Unlike registers and caches, which are small and extremely fast, RAM is much larger but significantly slower. Despite this latency, RAM provides the capacity needed for large datasets and complex applications.

For many numerical programs—especially those written in Python—memory bandwidth and latency become the primary performance bottlenecks rather than CPU speed.


1. What RAM Stores

RAM contains all active components of a running system.

Examples include:

  • program instructions
  • application data
  • operating system structures
  • stack and heap memory
  • dynamically allocated objects

When a program starts, its executable code and data are loaded from disk into RAM. The CPU then reads instructions and data from RAM during execution.
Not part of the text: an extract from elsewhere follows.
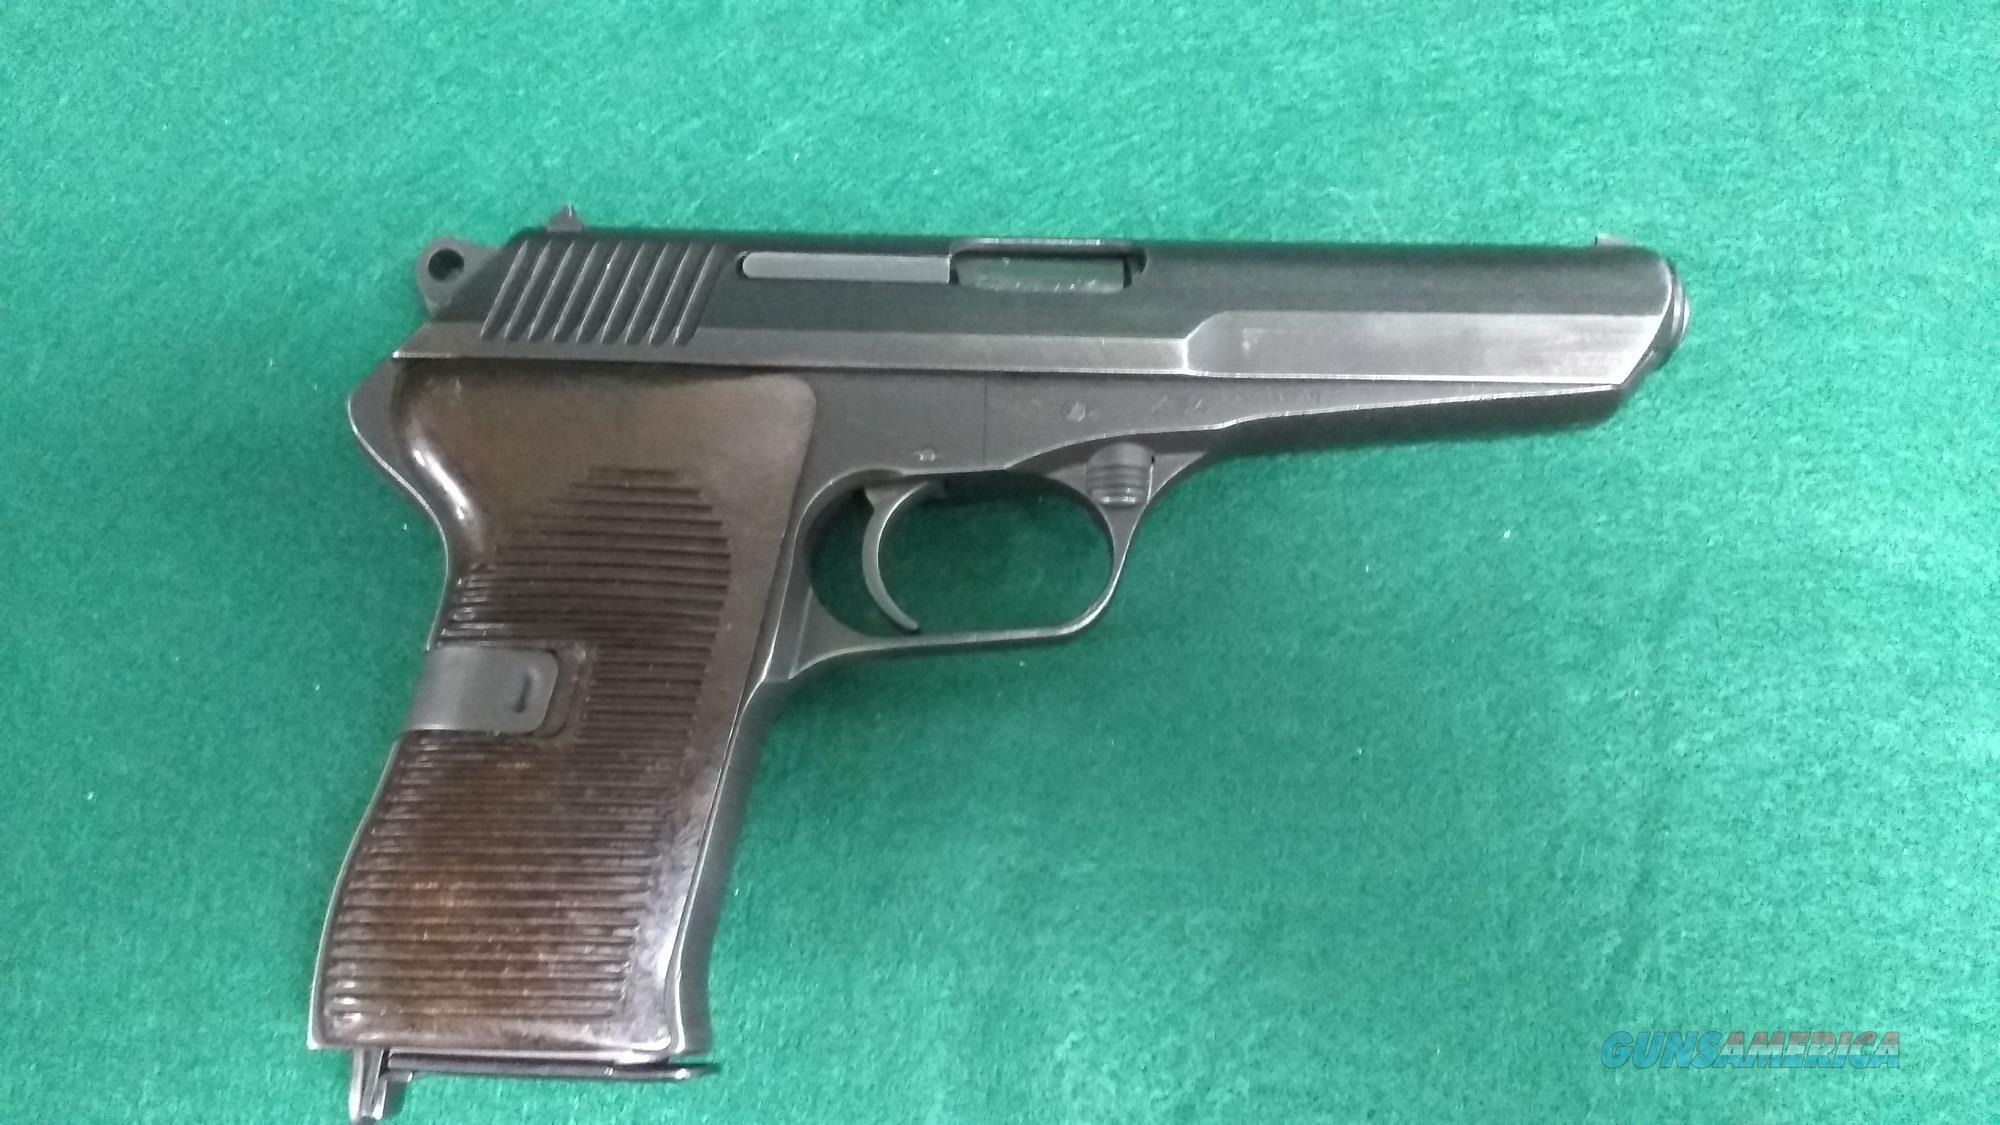 CZ-52 7.62x25mm Tokarev   Guns > Pistols > CZ Pistols

Data flow in a running program

flowchart LR
    Disk[SSD / Disk] --> RAM
    RAM --> CPU
    CPU --> RAM

Programs constantly move data between the CPU and RAM.


2. Volatile Memory

RAM is volatile memory, meaning its contents disappear when power is lost.

This contrasts with non-volatile storage, such as SSDs or hard drives, which retain data permanently.

Storage Type Volatile Example
Registers Yes CPU registers
Cache Yes L1/L2/L3 cache
RAM Yes DRAM
Disk No SSD / HDD

Because RAM is volatile, programs must periodically save important data to persistent storage.


3. DRAM: How RAM Stores Bits

Modern main memory uses DRAM (Dynamic Random Access Memory).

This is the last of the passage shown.